GIVEN MATERIAL ▸

—————

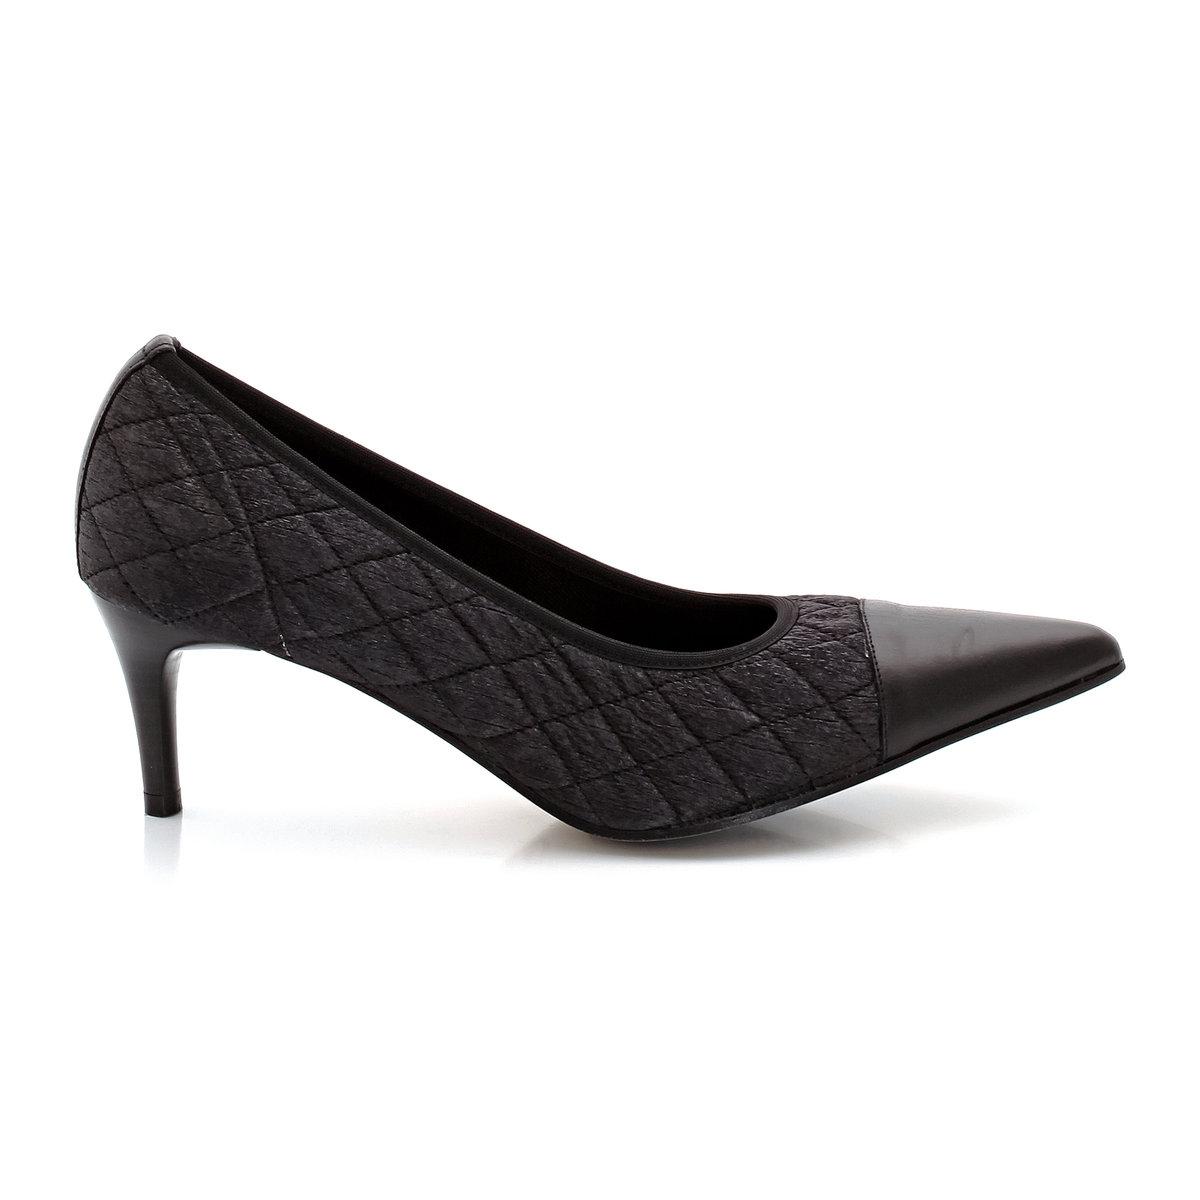 купить Туфли из кожи RAYAN от ELIZABETH STUART дешево
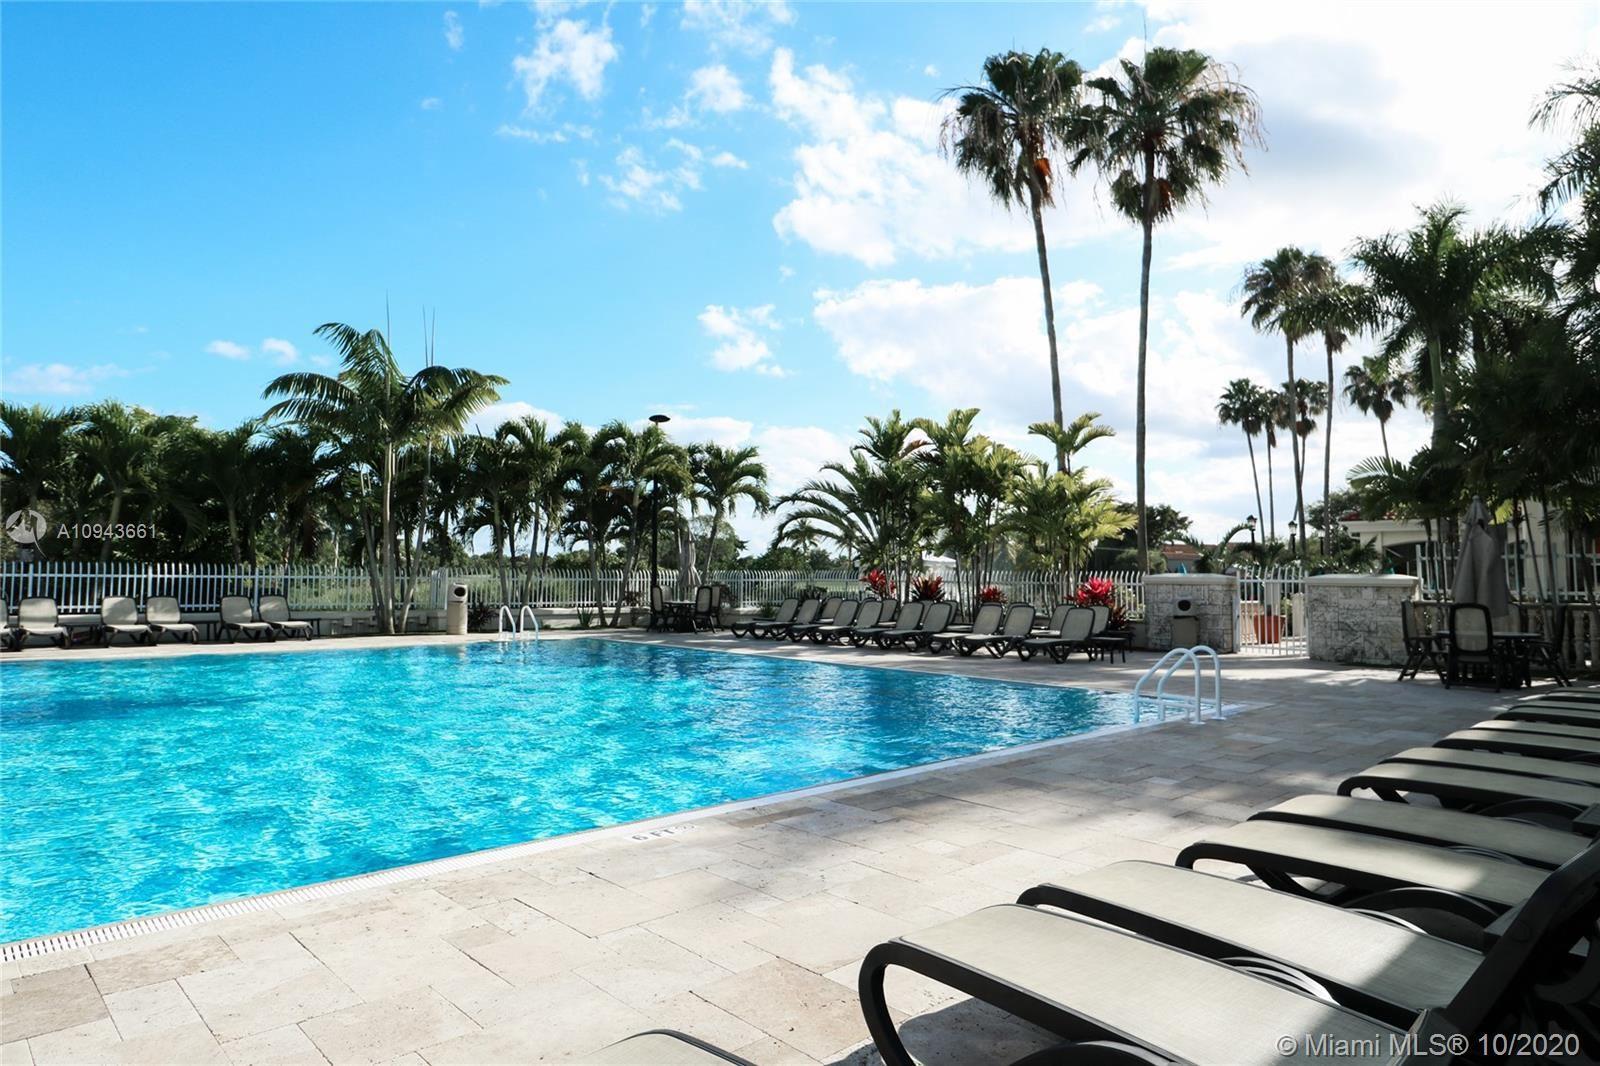 9885 NW 47th Terrace, Doral, FL 33178 - #: A10943661
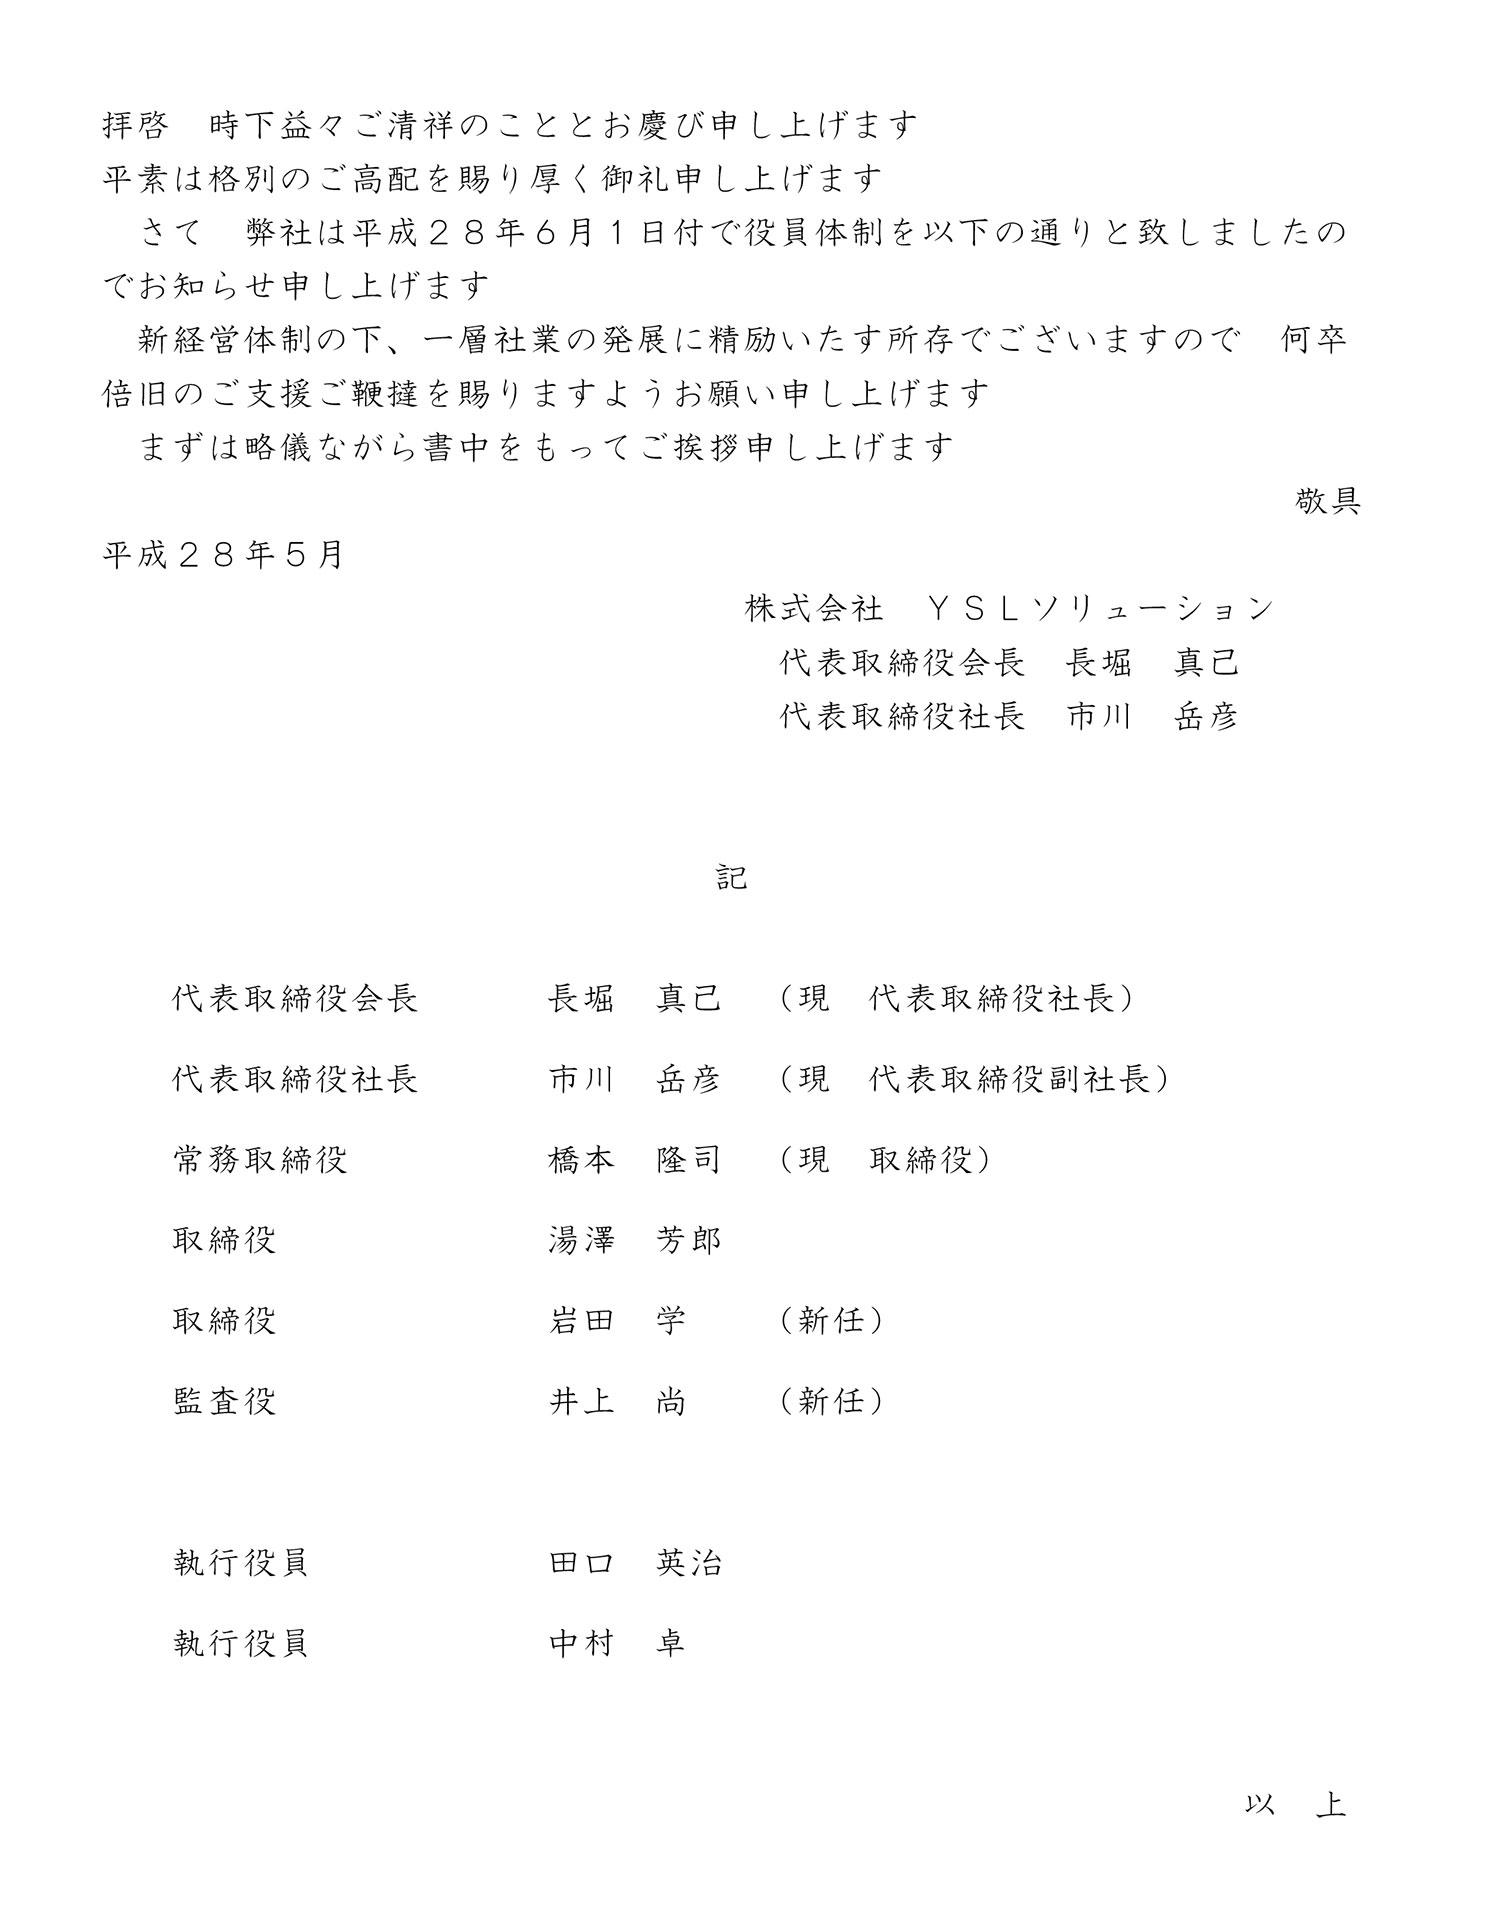 yakuin_henkou_YSL201605

—————

DIRECTIONS FOR THIS TASK ▸ Where the line holding "9885 NW 47th" appears, start copying, and continue exactly through the last line of the listing, both ends included, skipping the pictures.

THE COMPLETED TASK ▸
 9885 NW 47th Terrace, Doral, FL 33178 - #: A10943661
 yakuin_henkou_YSL201605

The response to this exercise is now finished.